═════ MATERIAL PROVIDED ═════

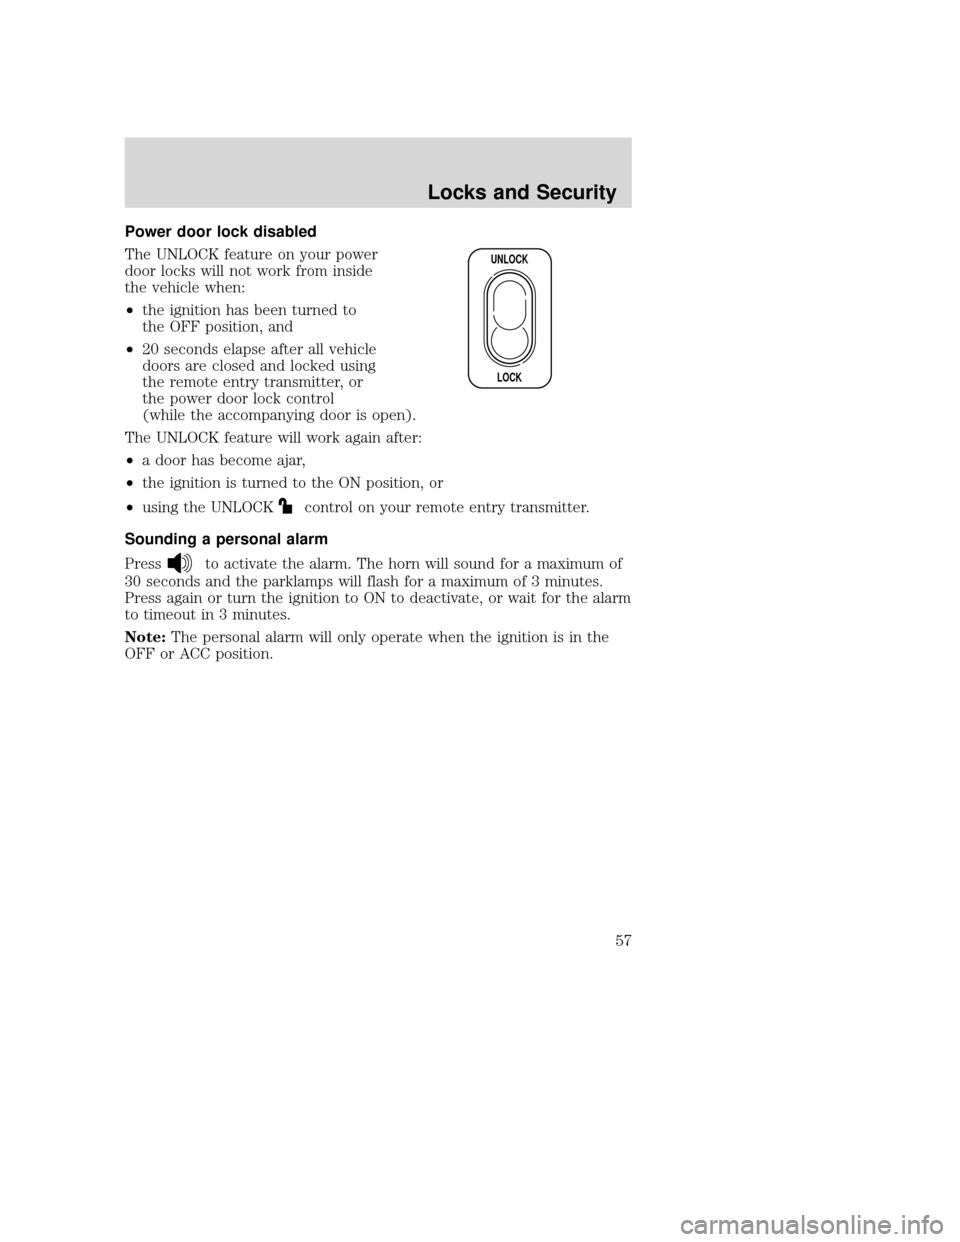 MAZDA MODEL B-SERIES 2004  Owners Manual (in English) Power door lock disabled
The UNLOCK feature on your power
door locks will not work from inside
the vehicle when:
•the ignition has been turned to
the OFF position, and
• 20 seconds elapse after al

═════

Without the pictures, copy all of the entries exactly as they appear.

 MAZDA MODEL B-SERIES 2004  Owners Manual (in English) Power door lock disabled
The UNLOCK feature on your power
door locks will not work from inside
the vehicle when:
•the ignition has been turned to
the OFF position, and
• 20 seconds elapse after al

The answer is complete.